ENTRIES PROVIDED:
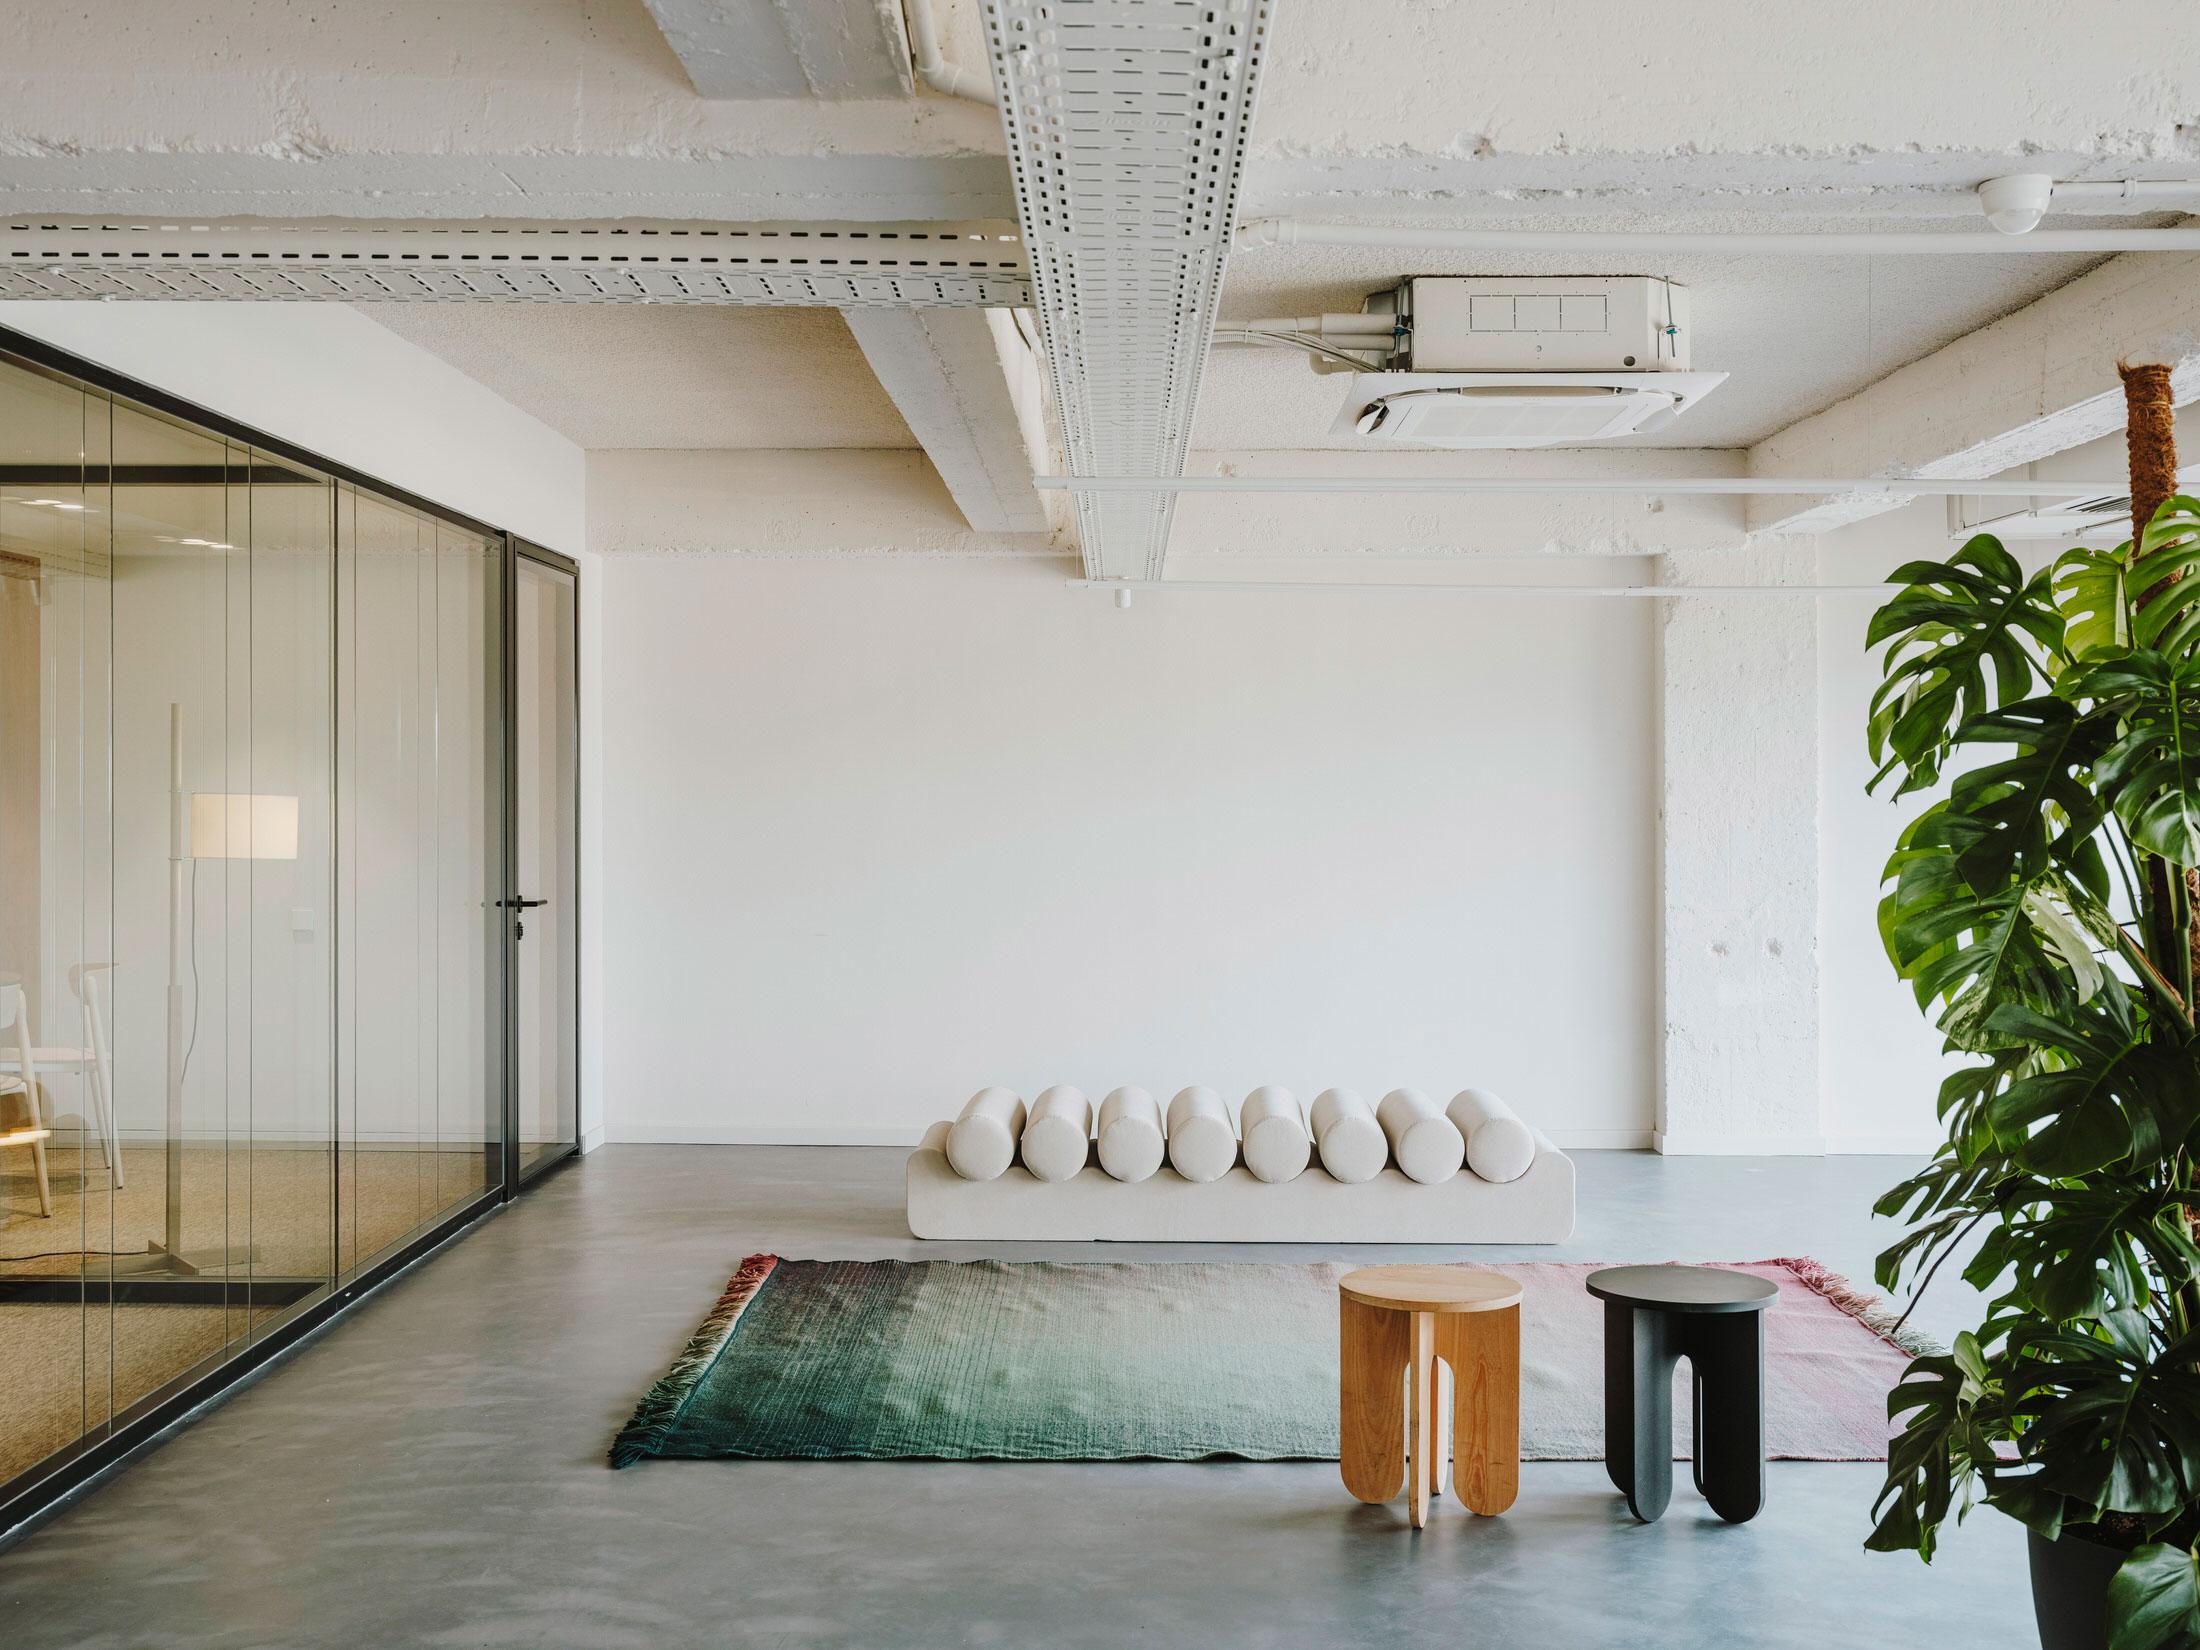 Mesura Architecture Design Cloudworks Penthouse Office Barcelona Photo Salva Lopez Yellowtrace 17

---

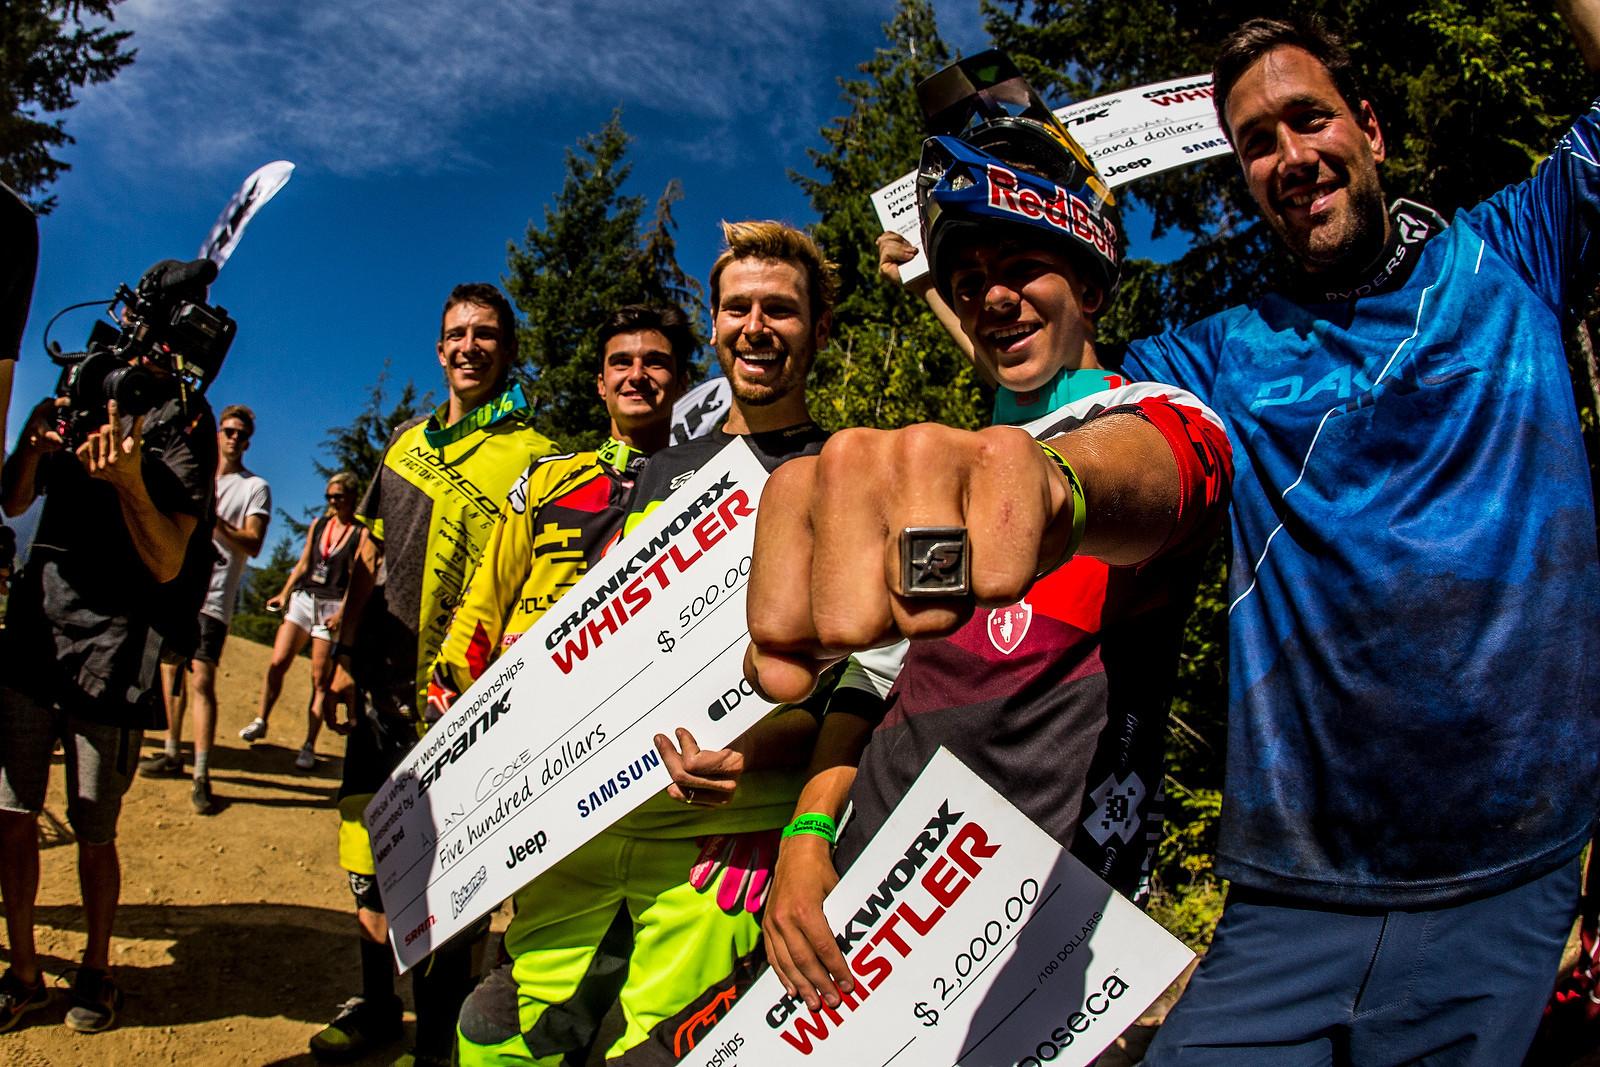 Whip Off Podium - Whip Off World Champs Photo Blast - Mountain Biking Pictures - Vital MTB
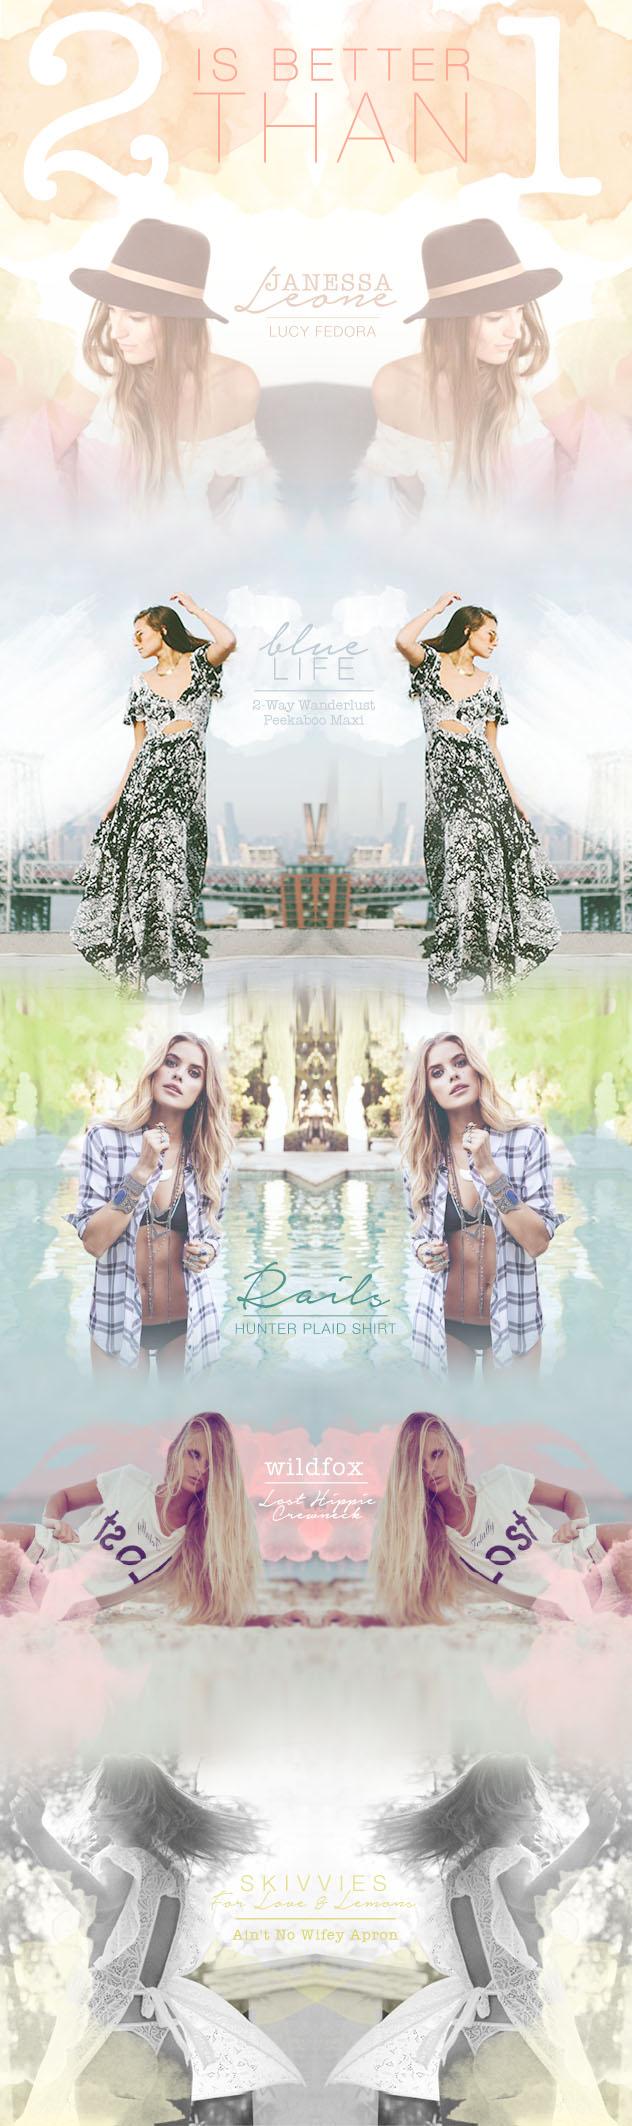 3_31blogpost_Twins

EXERCISE DETAILS:
Your answer should consist of the lines above between those holding "Whip Off Podium" and "3_31blogpost_Twins", inclusive, reproduced word for word and without pictures.

ANSWER BOX:
 Whip Off Podium - Whip Off World Champs Photo Blast - Mountain Biking Pictures - Vital MTB
 3_31blogpost_Twins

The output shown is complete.